Audit quality is never far from the standard setter’s mind. The International Standards on Quality Management (ISQMs) launched last year have raised the bar for many accountancy firms and Seidenstein recognises the effort needed to implement them.

‘We have heard that the scale of work required to put this in place is significant. And it should be significant because we believe it is a step change in terms of rigour, robustness and management of quality control, because it focuses on accountability, tone at the top and setting responsibilities within a firm.’

‘We want to understand the implications of disruptive technologies for the audit process’

The ISQMs require an evolving process of identifying and mitigating risk, and continuous improvement. ‘There is no doubt that this is a big effort, but there is a sense that people are rolling up their sleeves to get this done,’ he says.

Seidenstein adds that the board has heard that in some emerging markets, particularly at the SMP level and in areas that have been significantly affected by the Covid-19 pandemic, there have been calls to push back implementation dates. However, he and his board are holding firm on these dates.

‘There is a strong demand for these standards, and it really is an opportunity for the profession to show how it serves the public interest by putting quality at the centre of all it does,’ he says.

He also acknowledges the efforts that the Public Company Accounting Oversight Board (PCAOB) is making on quality management and hopes the desire to avoid two systems of quality management are recognised.

Future focus

Looking forward, Seidenstein is keen to promote the IAASB’s project on complexity, understandability, scalability and proportionality in standard setting, which is running in parallel with the LCE project. At the same time, he acknowledges the impact of technology, which can lead to further disruption and more complexity.

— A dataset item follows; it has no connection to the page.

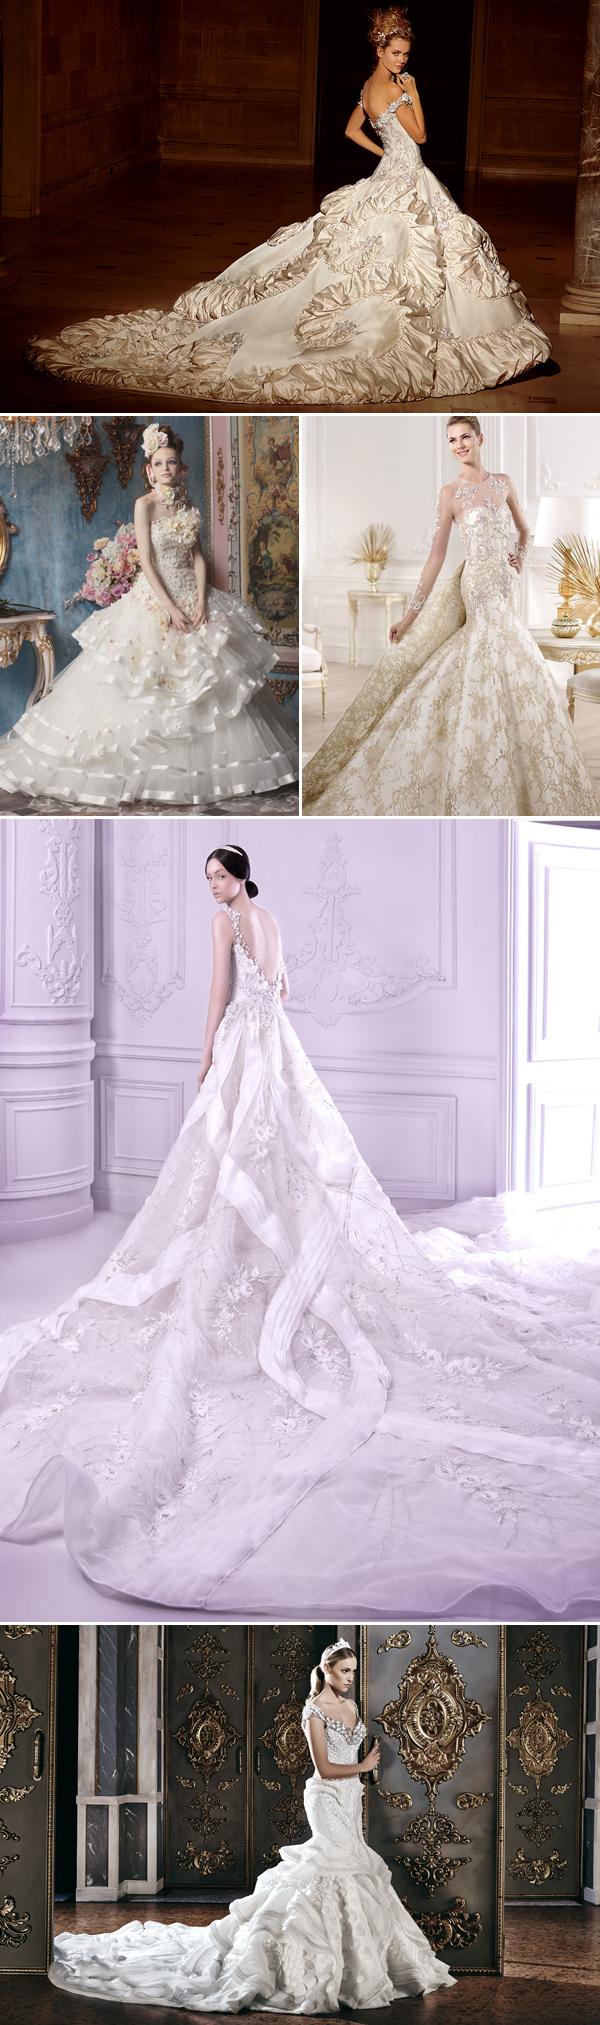 royalgown03-glam

‘We want to understand the implications of disruptive technologies for the audit process, and how this might change the types of standards that are set, and how we set them,’ he says. With this in mind, the board is considering the creation of a digital advisory group, but one that will not be drawn from the ‘usual suspects’ in the auditing profession.

And then there is the role of auditors beyond the financial statements – is the current umbrella International Standard on Assurance Engagements (ISAE 3000), which deals with non-financial audits, enough or should it be extended?

‘We are in listening mode and are open minded,’ Seidenstein says. ‘We need engagement with a global community – we need to make it easier to participate.’